The Real and Financial Sector 

Looking at its current situation, we believe that Indonesia’s economy will contract down to a minus growth rate. Both supply and demand have drastically fallen, as is obvious from the large number of factories, shops, recreational spots, eating spots, transportation businesses, etc. that are closing. There are mass layouts, up to 6 million recorded in the formal sectors alone. And that’s only to the extent formally monitored by the Ministry of Labor. The formal sector comprises only 35% of all existing workers. The remaining 65% comprises of informal work sectors, so it is entirely possible that the number of workers in the informal sector who lost their jobs is actually double or triple the number of newly unemployed in the formal sector. Furthermore, data is available for up to May this year only, and we can expect this condition to persist. 

The “control” of inflation is not an achievement. It is an illusion caused by lowered buying power. 

Sales of all goods and services, including of cars and motorcycles, have dropped. Our processing sector has definitely crashed, with exports down 28.8% and raw material imports down 29.6%. To make a long story short, we quote our colleagues at the Indonesian Chamber of Commerce that our real sector was shaky even before COVID-19…but it has now crashed. 
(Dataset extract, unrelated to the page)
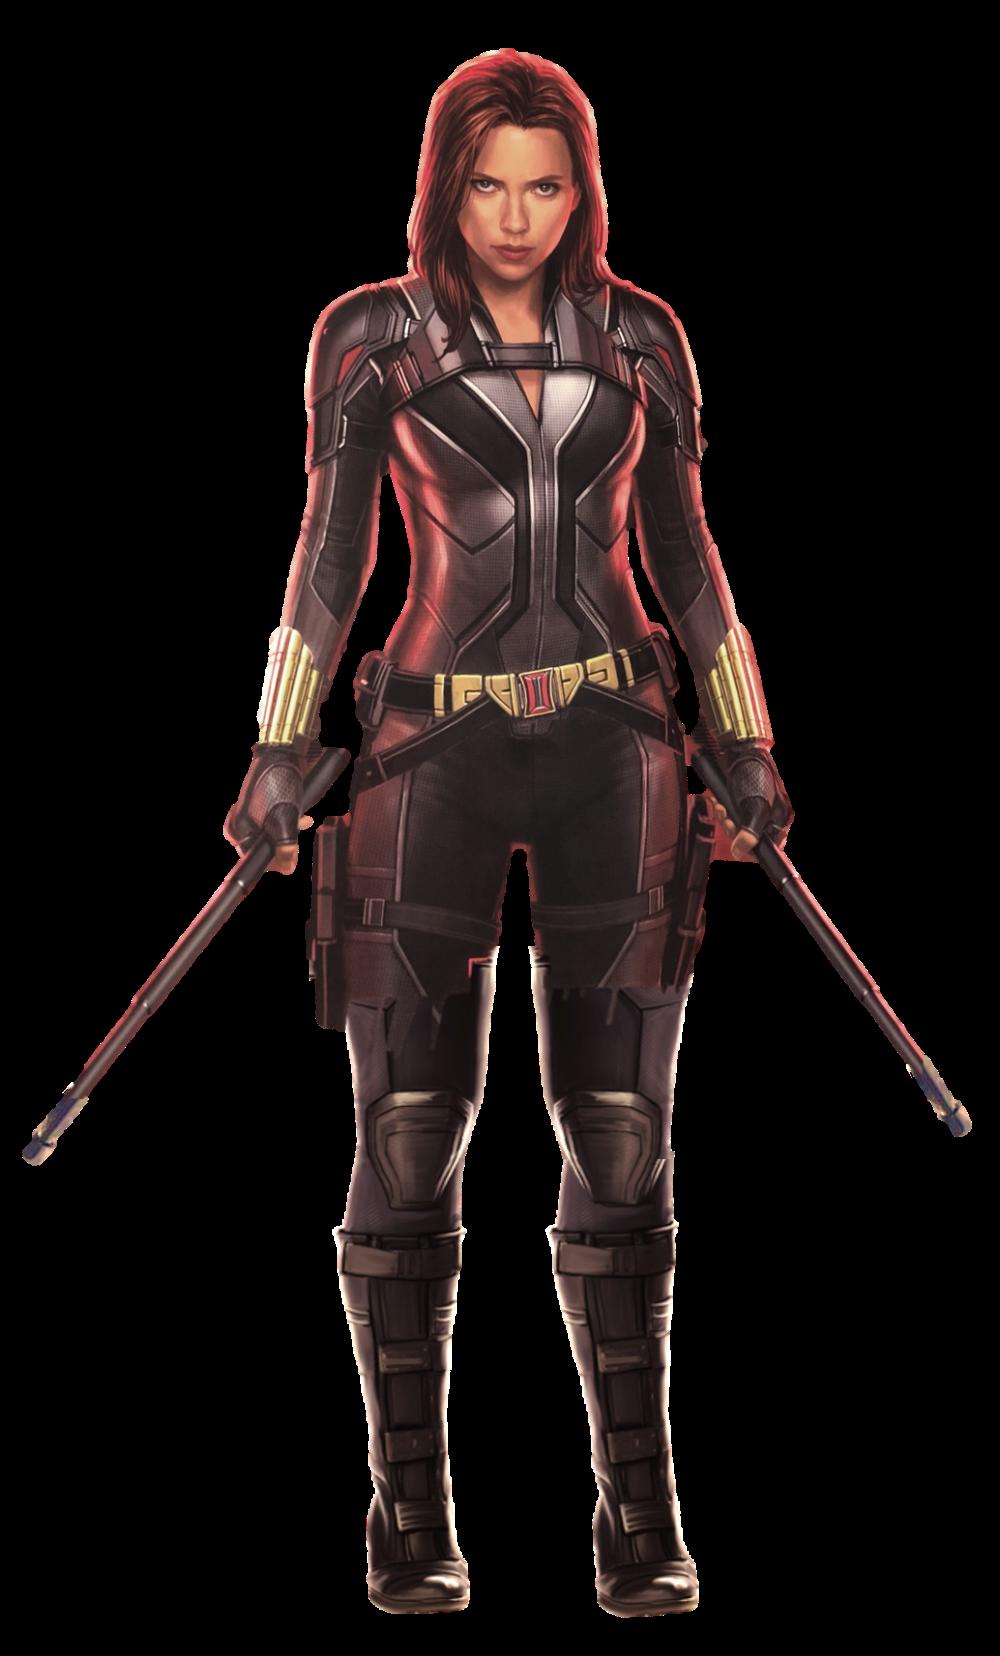 Black Widow 2 Movie Png By Captain Kingsman16 On Deviantart Black Widow Marvel Black Widow Movie Black Widow Avengers

In the financial sector, we suffer continued capital outflows, with constant investments in foreign portfolios. The current transaction balance is chronically deficit for no less than 3% of the GDP, about equal to USD 30 billion. Therefore, despite frequent BI interventions, the Rupiah exchange rate continues to weaken again because it is a pure and simple lack of dollar supply. The market tends to fight fiercely to gain and keep dollars. The only cure for our economic illness is to increase our exports and to gain foreign investments in the real sector to gain dollar income and refill our dollar reserves, instead of going into debt in dollars. 
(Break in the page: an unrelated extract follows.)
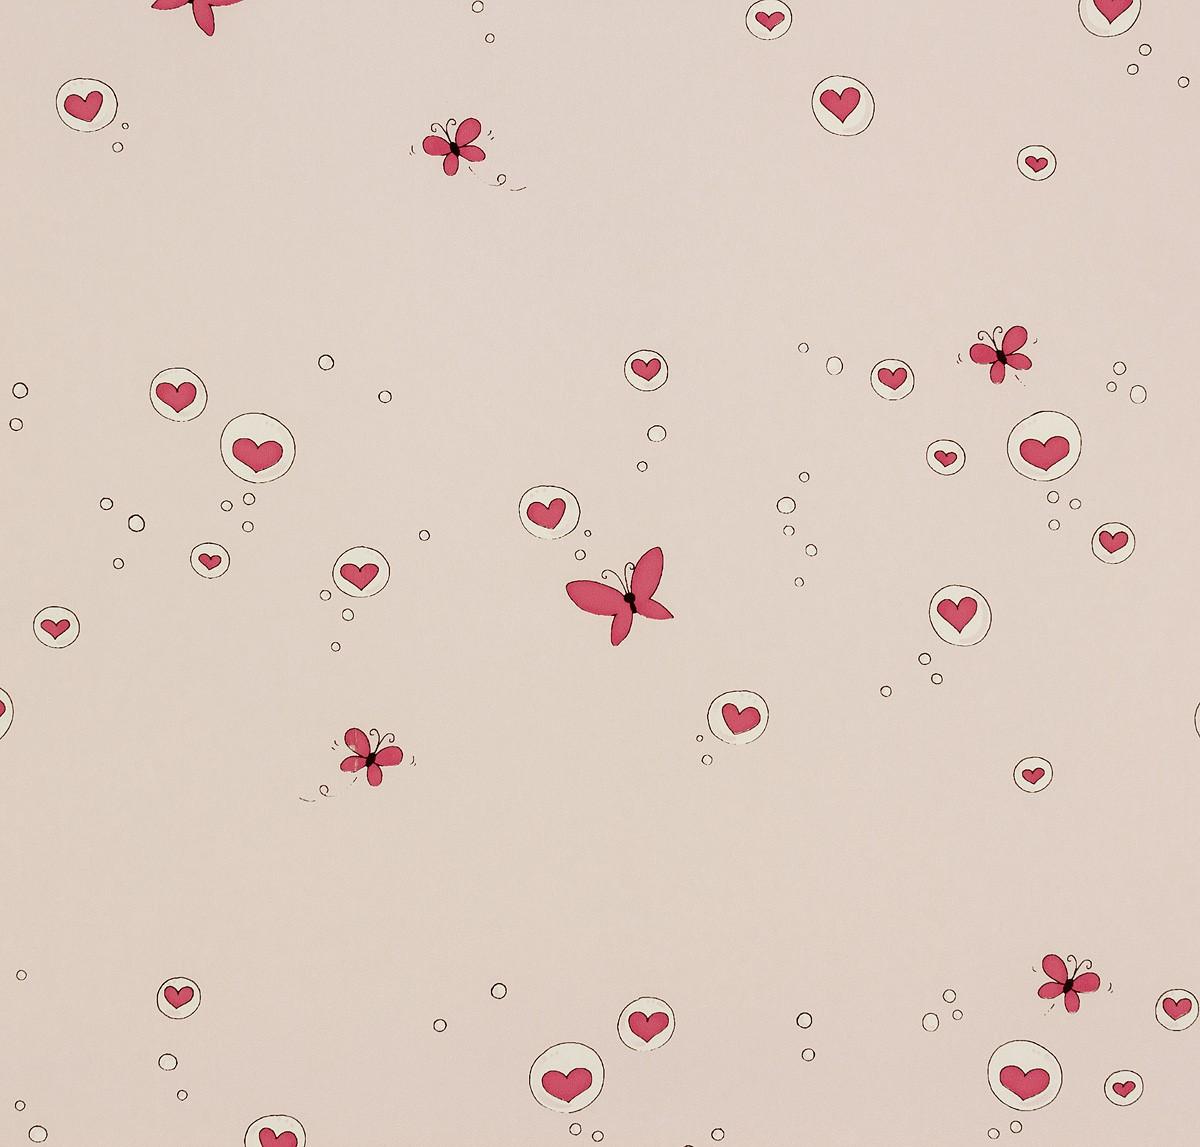 Barbara Becker Tapete Schmetterling : Tapete rosa Kinder Girotondo Rasch Textil 006008

Foreign investments in Indonesia are actually very low, only 5%-10% of our economic earnings. Now, we are hoping to be blessed with relocation investments from companies that left China, hoping against hope that they will invest in Indonesia instead. However, in view of their bad experience concerning the strength and trustworthiness of our regulations, very few, if any, foreign investors are interested in investing in Indonesia. Our regulations are complicated, costly, and rife with obstructions. This causes foreign investors to prefer investing in our portfolio sectors – “safer” sectors that do not generate real job opportunities for us, but that would allow them to escape along with whatever capital and profit they can get at any time. 

State Finances and Budgeting 

It’s a public secret that our State Budget is dying. Daily Government cannot run without the crutch of debt, let alone development. Our Central Bank (BI) has been on alert for decades. Our State Budget, with a total volume of let’s say, IDR 2500 trillion, suffers a deficit of IDR 1000 trillion or a whopping 40%. We are forced to drive up debt to cover up, whether we want to or not. We can expect Government debt to jump to up to 40% of GDP by next year. On the other hand, our tax ratio continues to subside to below 8%, causing the ratio of debt interest payment to tax income to soar to 28%. We haven’t even counted the instalment payment of principal debts and other necessary expenditures. In the past, SOE net wealth was bigger than Government debt, allowing them to theoretically serve as collateral for national debts. Not anymore. None of them is solvable. 

Banking 

Banks are known to be facing trouble nowadays. The total of non-performing credits and restructured credits is about IDR 600 trillion. Liquidity problems are getting obvious – some banks cannot liquidate checks from their customers. There are daily talks of deposit accounts that cannot be liquidated. This is eerily similar to the 1998 Monetary Crises, wherein the domino effect of bank problems in liquidating assets extended far and wide. 

Indonesia’s economic is really in a multi-dimensional crisis, but it seems only the President has a proper sense of crisis in the Government.